___ Task input

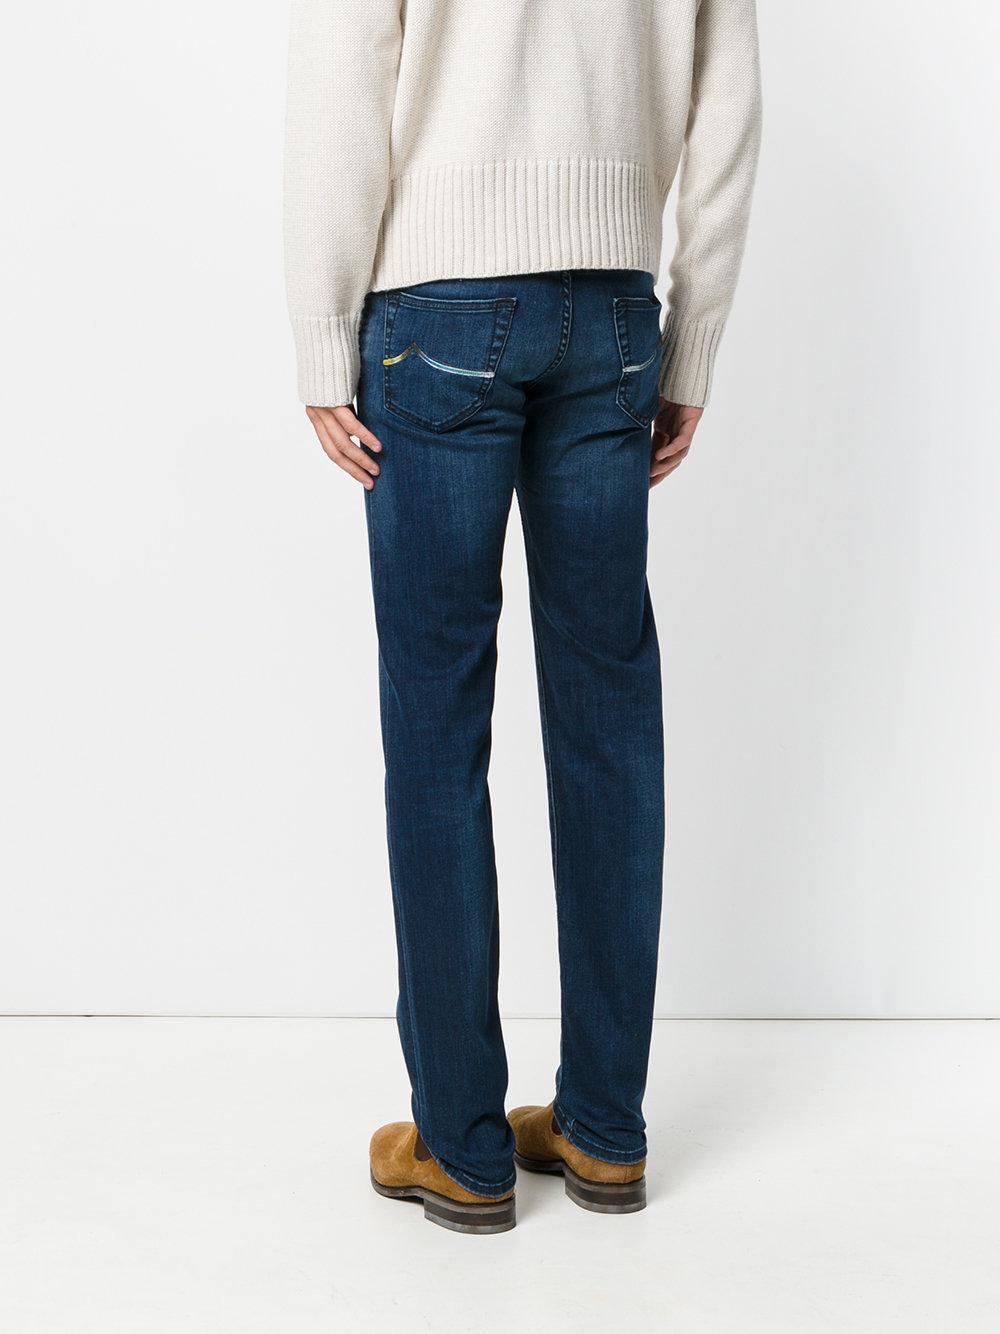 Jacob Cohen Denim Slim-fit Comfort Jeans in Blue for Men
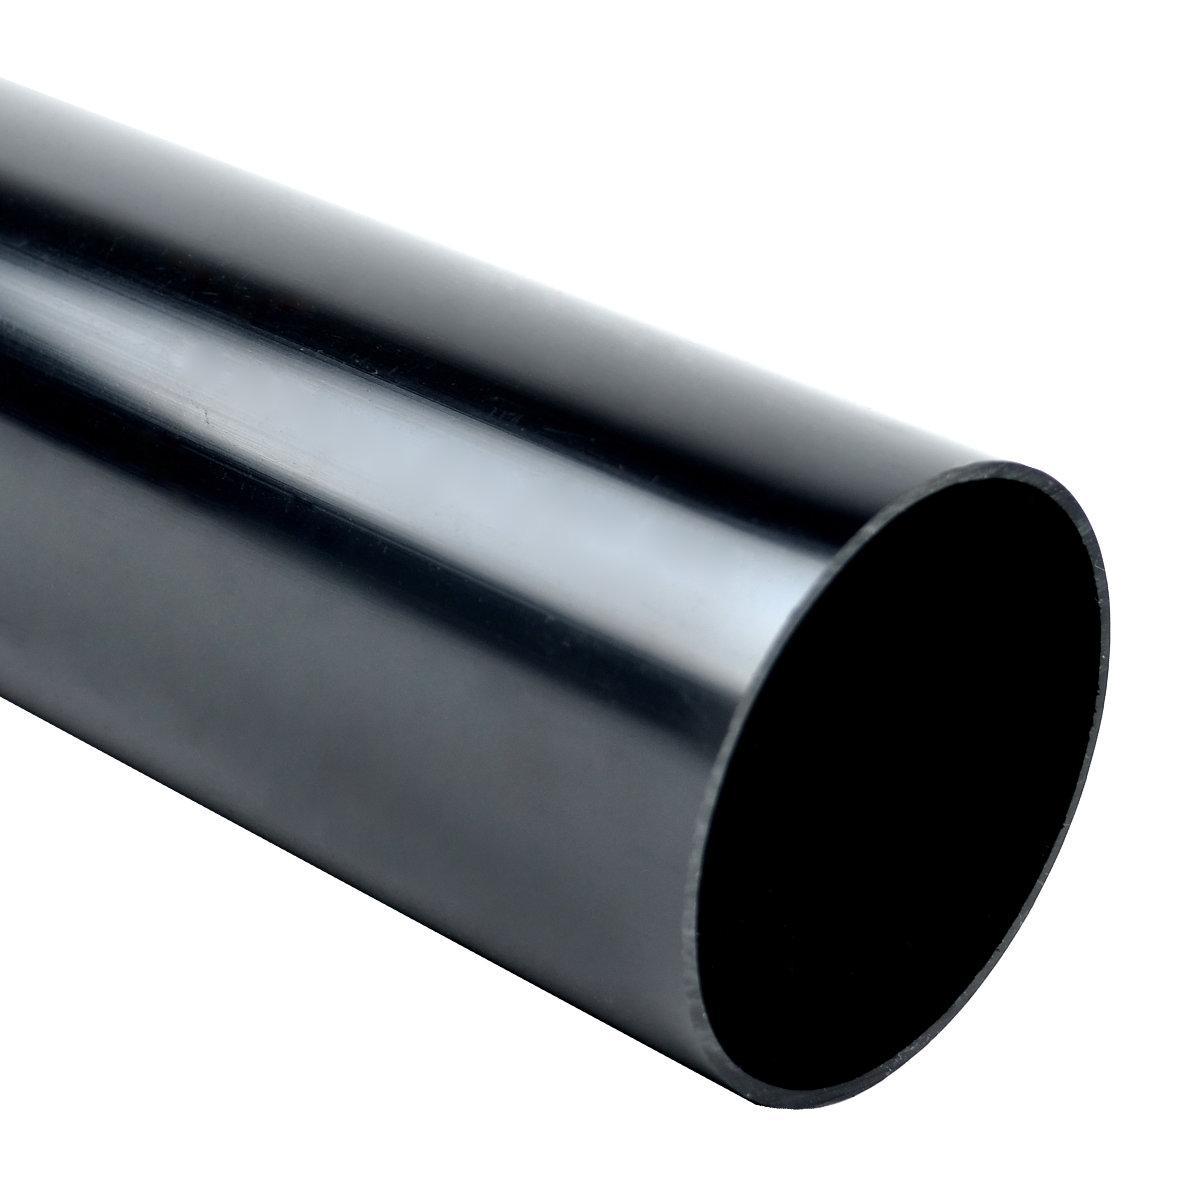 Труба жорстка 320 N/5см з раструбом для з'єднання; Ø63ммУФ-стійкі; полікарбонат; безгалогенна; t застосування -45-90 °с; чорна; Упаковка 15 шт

______
___ Task input

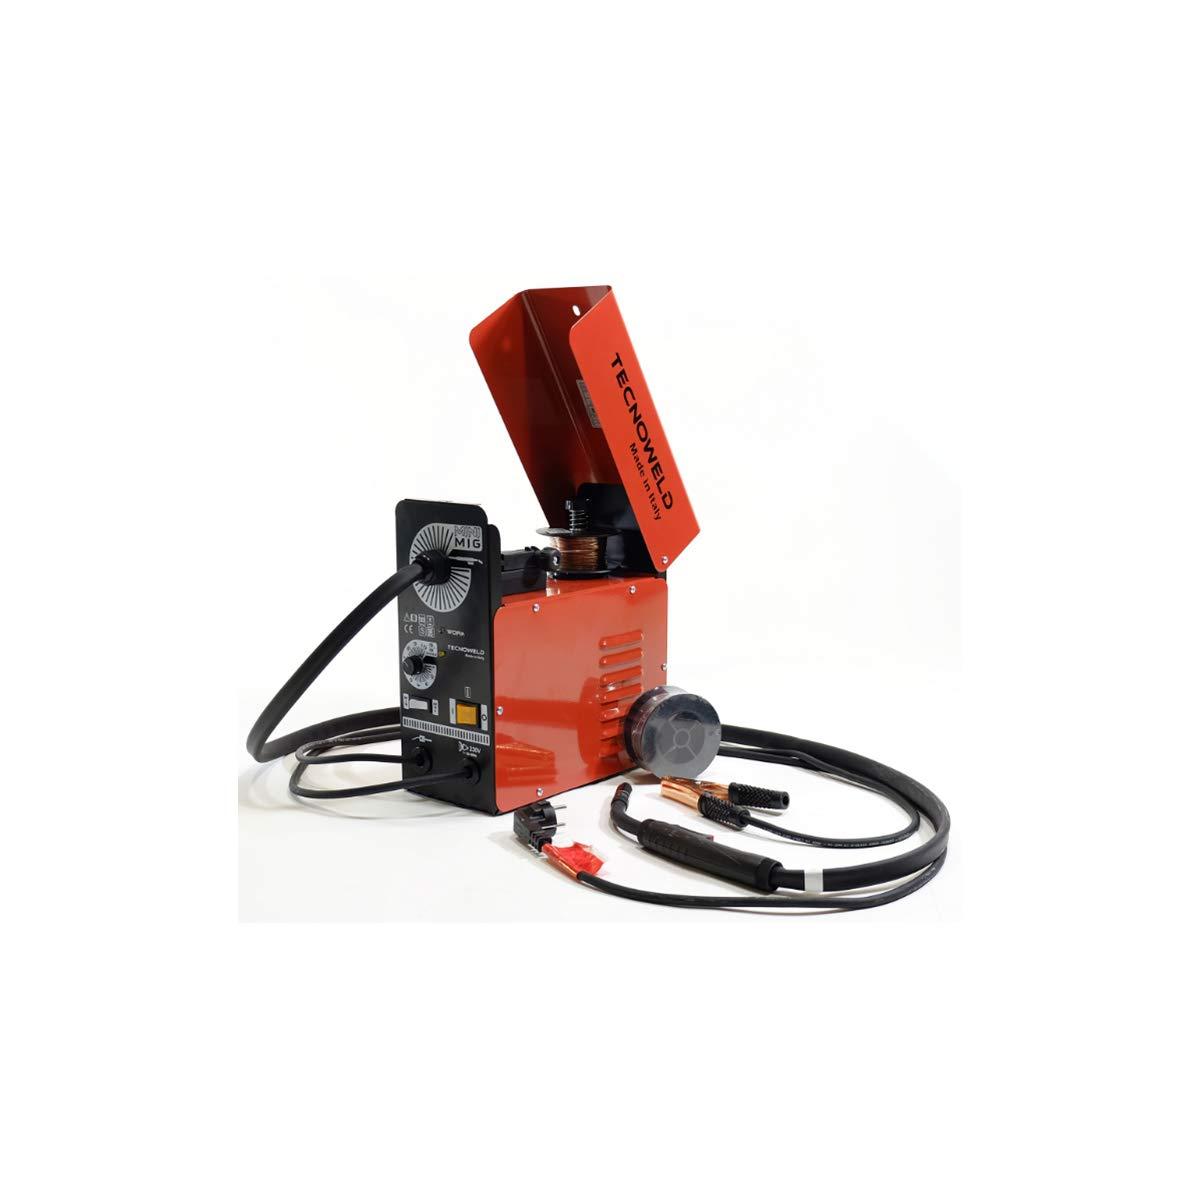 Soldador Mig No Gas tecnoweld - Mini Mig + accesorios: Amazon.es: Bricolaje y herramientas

______

▶ **What the task requires**
Set the pictures aside and transcribe exactly the stretch of lines above, beginning with the one holding "Jacob Cohen Denim" and ending with the one holding "Труба жорстка 320".

▶ **Response box**
 Jacob Cohen Denim Slim-fit Comfort Jeans in Blue for Men
 Труба жорстка 320 N/5см з раструбом для з'єднання; Ø63ммУФ-стійкі; полікарбонат; безгалогенна; t застосування -45-90 °с; чорна; Упаковка 15 шт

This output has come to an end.